I sometimes wondered if my Dad wanted the exact opposite–eight boys and four girls–since we were raised on a farm. As you can imagine, the farm required a lot of physical labor. But, to the defense of most of my amazing brothers-in-law, they sometimes helped to carry the load along with their wives, my sisters .(Smile, guys!) 🙂
The routine was the same for all of us. We would meet someone and talk about them to our Mom. Then, Mama began to talk about them to our daddy. The conversation would go something like this:
Mama, “Well I heard so and so, (pick a name, any name of us eight girls) had an interest in a boy.
Daddy, “Who is he and where is he from?”
Mama, “Well he’s from over there at so and so (the town, or community).”
Daddy: “Who’s his people? (This was always a big one for my Dad.)
Mama: “I think they told me he was what’s his name’s son.”
Daddy: “Well, who is what’s his name?”
Mama: “You know, So and so…” (My mama’s inching her way through because my Dad had high standards for his daughters and sons, but especially for his daughters–and he wouldn’t tolerate his daughters being subject to disrespect.)
Daddy: “MMMM I know those people over there and I heard….(and for all practical purposes it could possibly be over, according to what he had “heard,” whether they were able to actually come to the house to date my sisters).
You can just about imagine where this conversation was heading.
With all the questions of “Where do they go to church? Who’s the Daddy, Mama, cousins and etc.?” 🙂 To say that he was particular was an understatement. You can be assured that our parents had high expectations of us, and of the people we were around. I guess that is one of the reasons we were in church ALL THE TIME! They felt the responsibility to make sure that whoever God had planned for all of our lives would have all the necessary “background checks” in place. 🙂
Looking back, now that I am married and have two beautiful daughters, my husband and I both realize the importance of being involved with our girls’ lives in that area. We realize how important it is to come alongside them to help guide, give support and encouragement, and especially pray with them as they pursue the man of God for their lives.
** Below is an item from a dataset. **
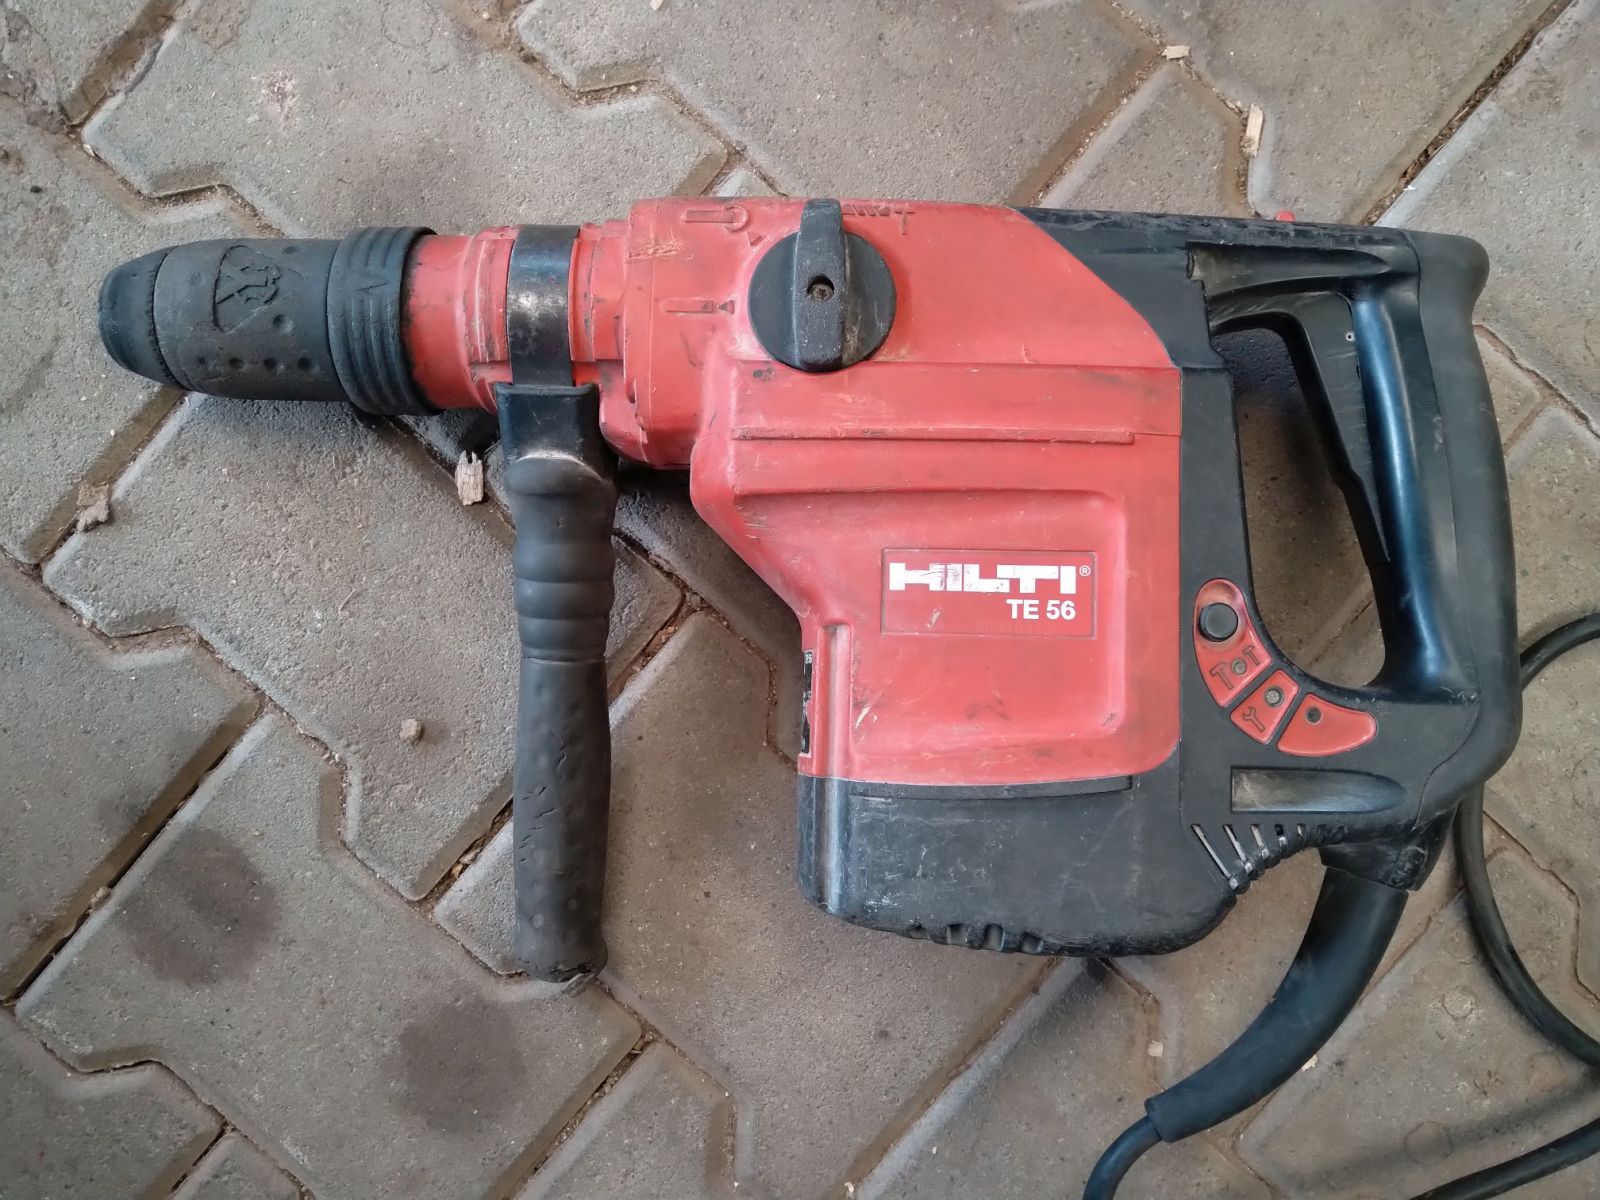 Hilti TE56 hammer drill

A goodly heritage is so important.
If you have a goodly heritage, thank God for it. But if you are like many people and don’t have one, it’s not too late to begin building one now.
Build a goodly heritage for yourself and your family. Examine your lives in the areas of prayer, work, patriotism, and choosing the people you do life with. Then let the Lord lead you as you begin to instill these characteristics of a goodly heritage in your own life.